PROBLEM: Balancer fails in few minutes without any block movement.
SYMPTOMS: Following are the messages balancer exits with:-
16/11/22 07:08:29 DEBUG ipc.Client: IPC Client (280134559) connection to ma2-gbit-lnn51.corp.apple.com/10.184.67.21:8020 from hdfs-BD_TEST2@HADOOP.GCSKDC.CORP.APPLE.COM got value #1193
16/11/22 07:08:29 DEBUG ipc.ProtobufRpcEngine: Call: getBlocks took 2486ms
No block has been moved for 5 iterations.

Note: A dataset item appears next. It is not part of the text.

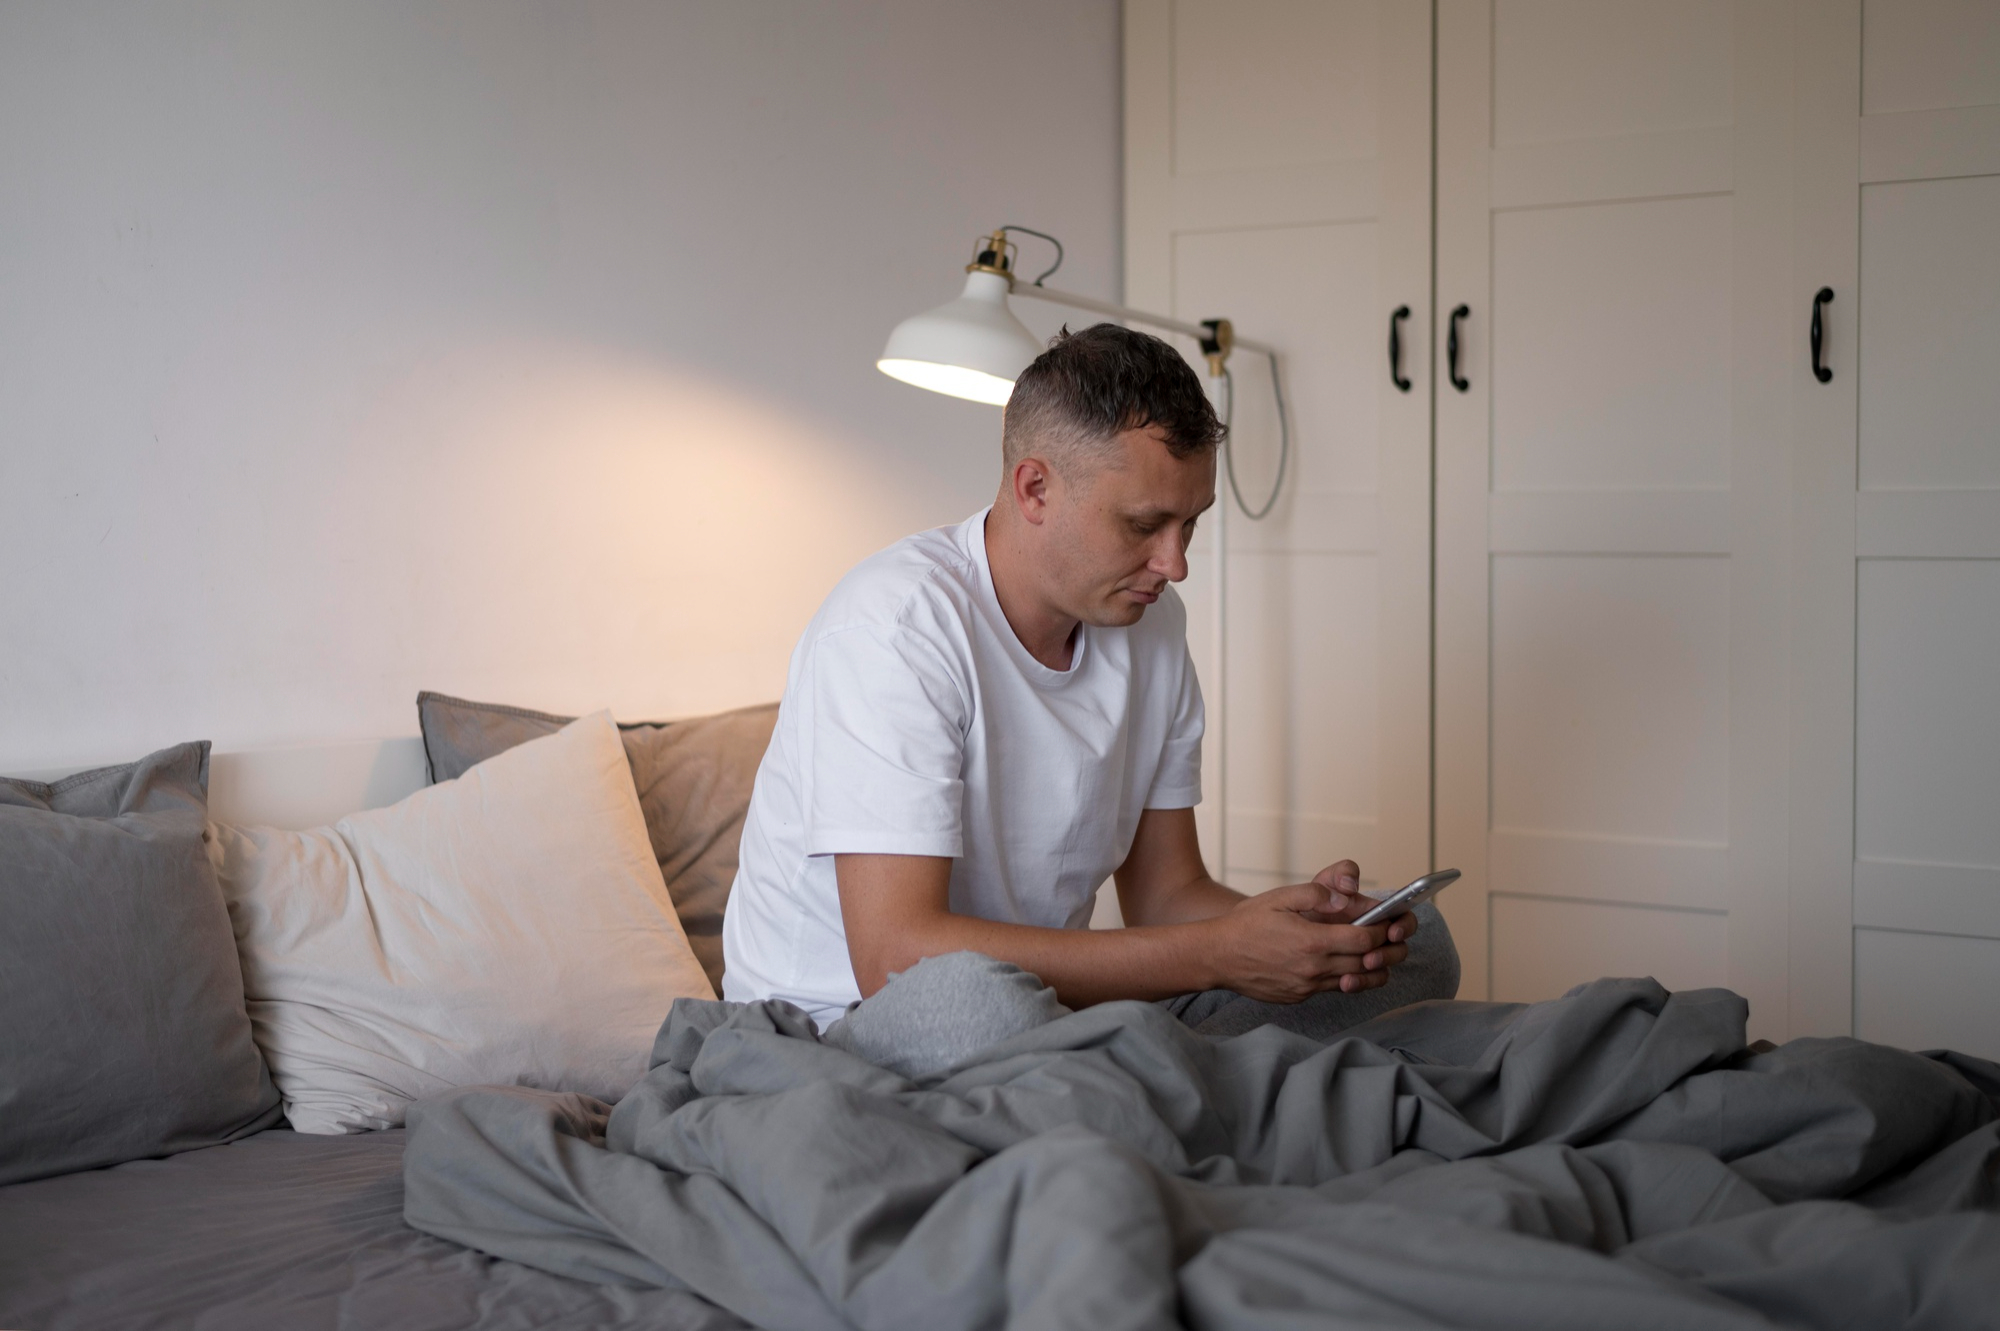 A man looking at a phone while covered in a sheet in bed | Source: Freepik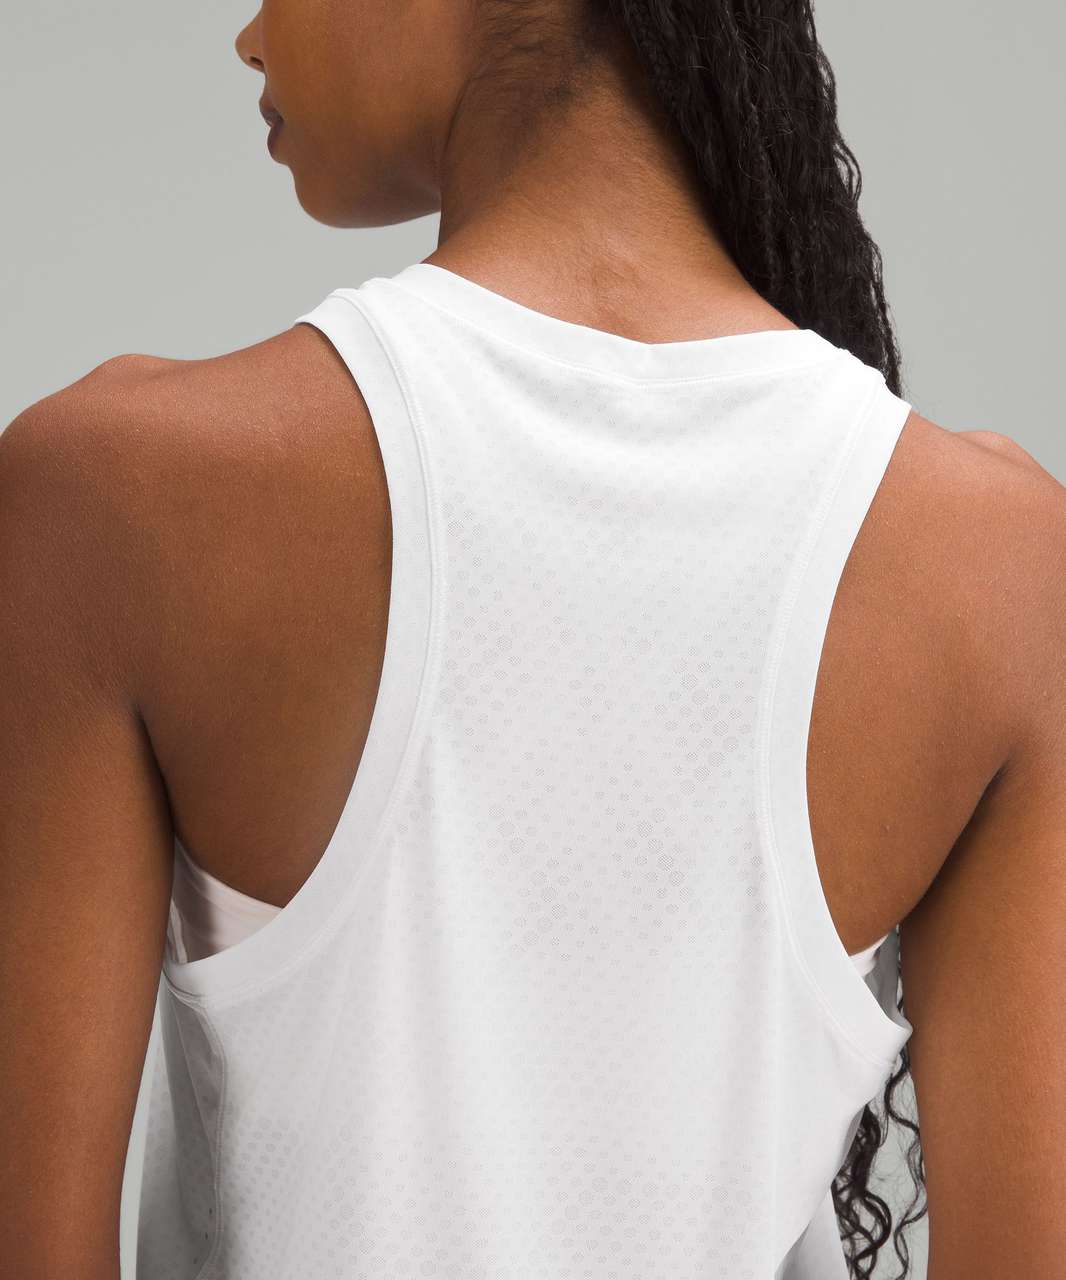 Lululemon Fast and Free Race Length Tank Top - White

Exiting...Nov 22, 2016 7:08:29 AM
4 0 B 35.86 TB 200 GB
ROOT CAUSE: The rack distribution looked like below:-
/default-rack : 91
/Example1 : 18
/Example2 : 2
The 100% utilized nodes which we were trying to balance to create space were those 20 nodes registered with racks /Example1 and /Example2.Thus based on following rack awareness rules in balancer (rule#3 for this issue) for block placement, it was not at all possible for even a single block to move compromising fault tolerance.
/** * Decide if the block is a good candidate to be moved from source to target.
* A block is a good candidate if
* 1. the block is not in the process of being moved/has not been moved;
* 2. the block does not have a replica on the target;
* 3. doing the move does not reduce the number of racks that the block has */
SOLUTION: Distribute nodes evenly across all racks.If this is not possible add additional storage to respective nodes OR add new datanodes to the respective racks.